In this project we aim to perform an exhaustive analysis on the raw American insurance data put up by 'The Centers for Medicare & Medicaid Services (CMS)' on their official website, where we are trying to increase the transparency in the Health Insurance Exchange by depicting the facts and trends by analyzing years of data and also provide facts where Health providing agencies can improve their business strategies which can benefit the customer as well as organization, here we have used Sfu computing cluster and AWS services for this study
- Health Insurance Exchange Public Use Files (Exchange PUFs)
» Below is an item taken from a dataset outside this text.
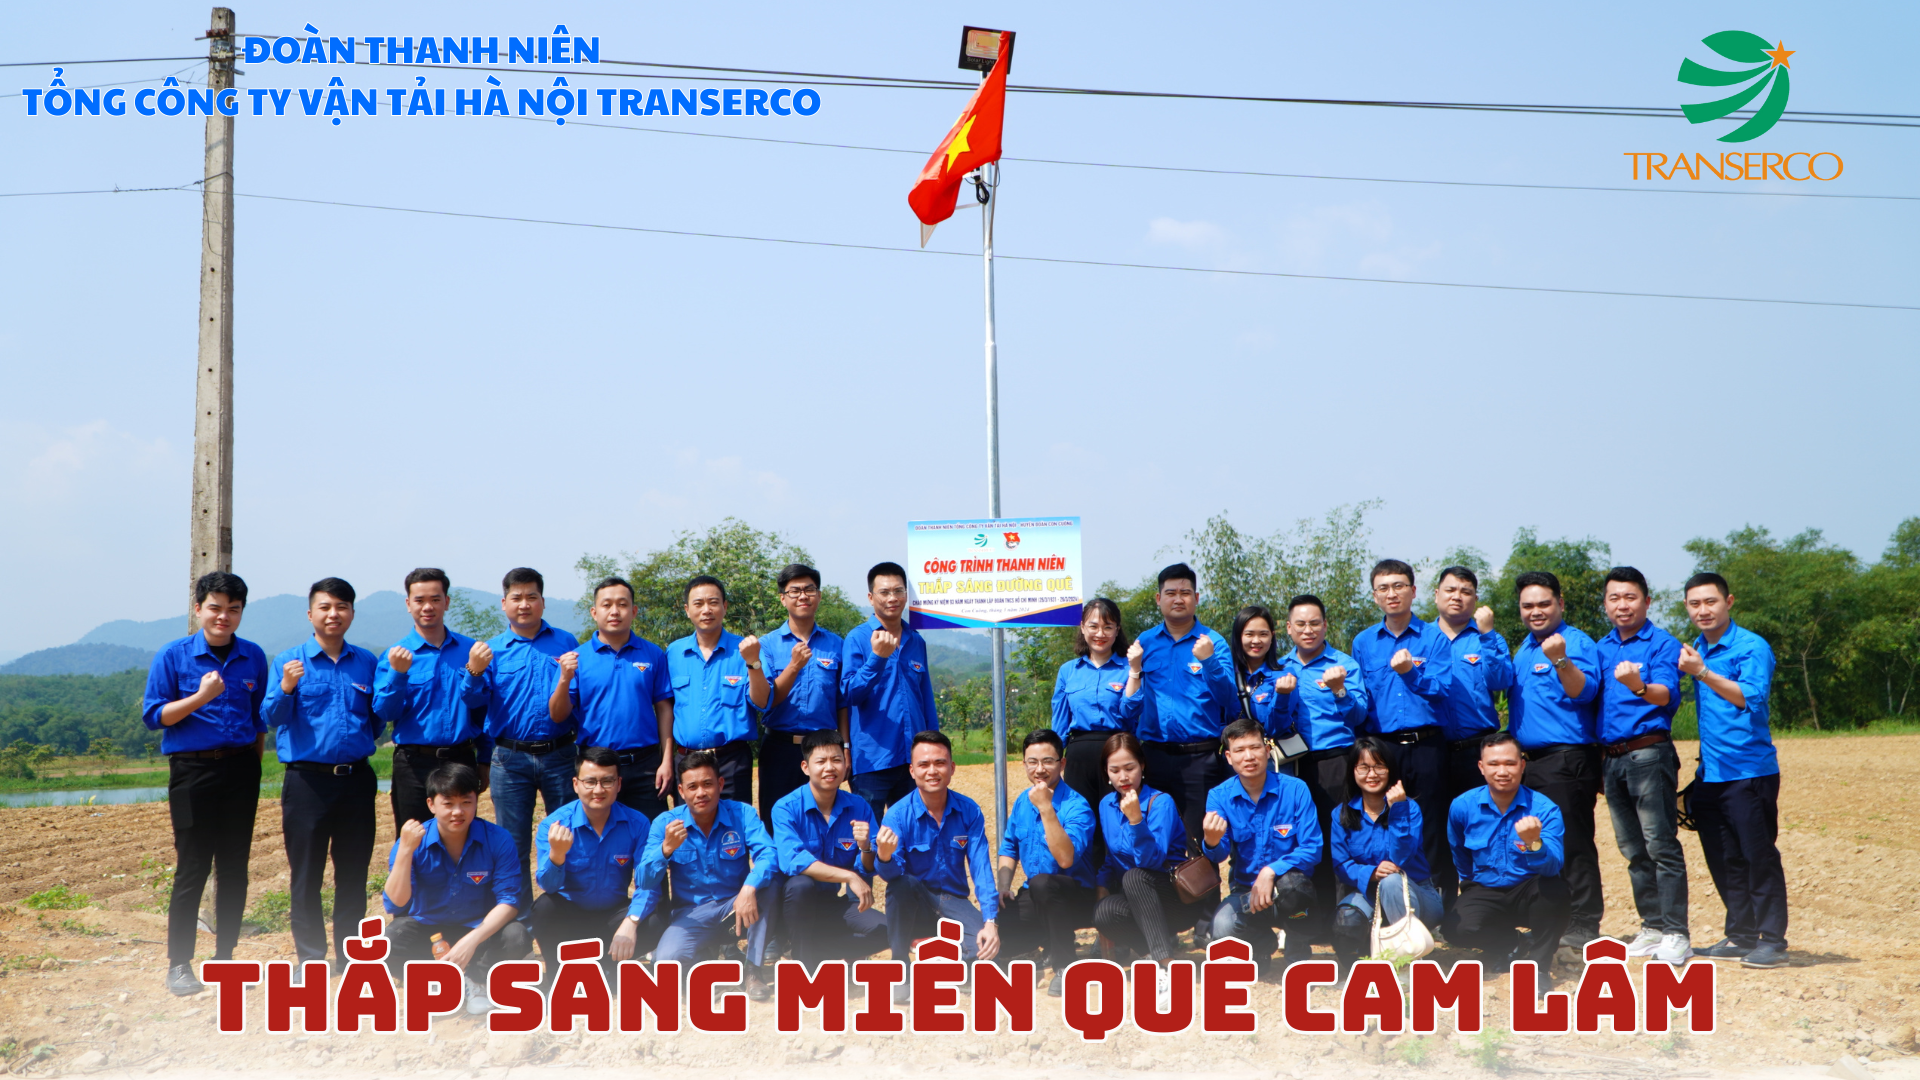 Tuổi trẻ Transerco thắp sáng miền quê Cam Lâm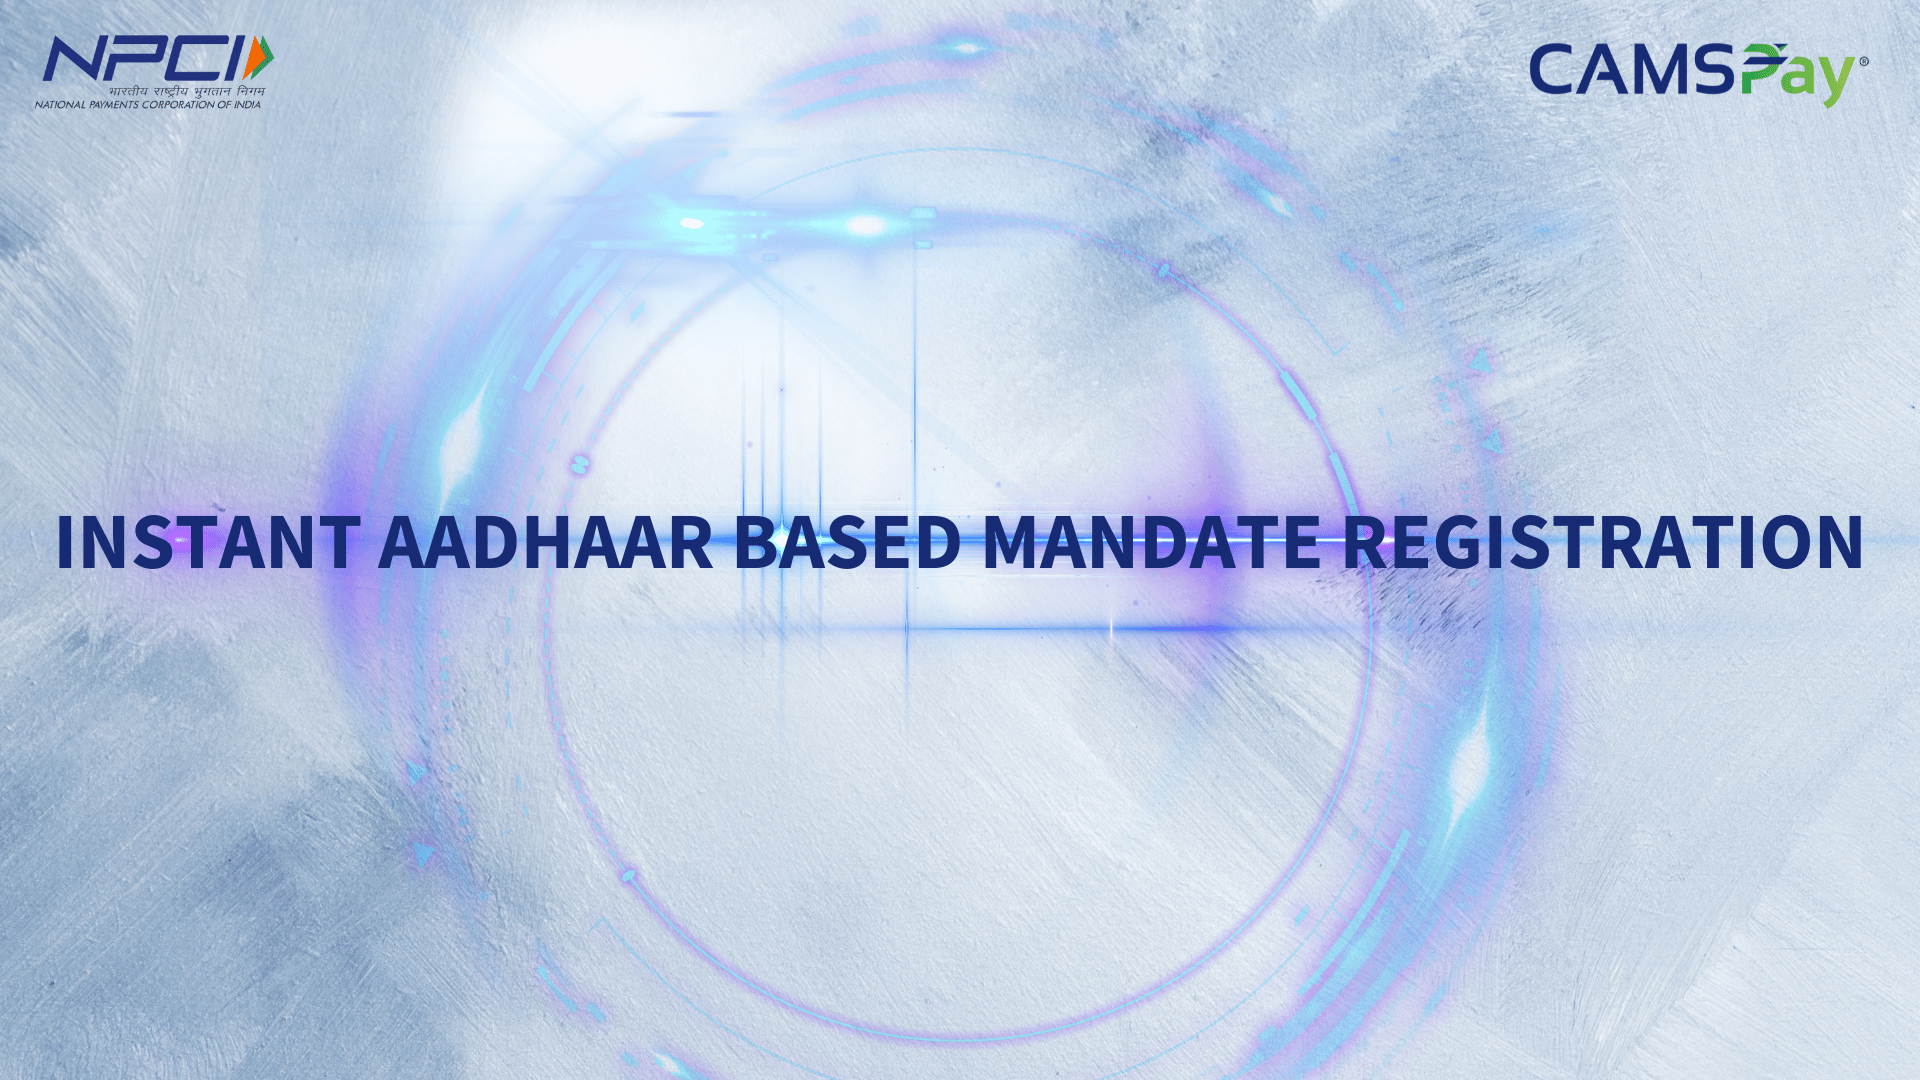 Instant Aadhaar-Based Mandate Registration with CAMSPay

https://www.cms.gov/cciio/resources/data-resources/marketplace-puf
- Health searches by US Metropolitan Area, 2005-2017
https://www.kaggle.com/GoogleNewsLab/health-searches-us-county/version/1#
- Latitudes and Longitudes of American States
https://developers.google.com/public-data/docs/canonical/states_csv
- Stroke Data
https://www.kaggle.com/fedesoriano/stroke-prediction-dataset
-
SFU Cluster (Hadoop, HDFS, Spark, SparkML Python): For collecting data, cleaning, ETL and transformation
-
AWS Services:
a) S3: Used for storing the transformed data.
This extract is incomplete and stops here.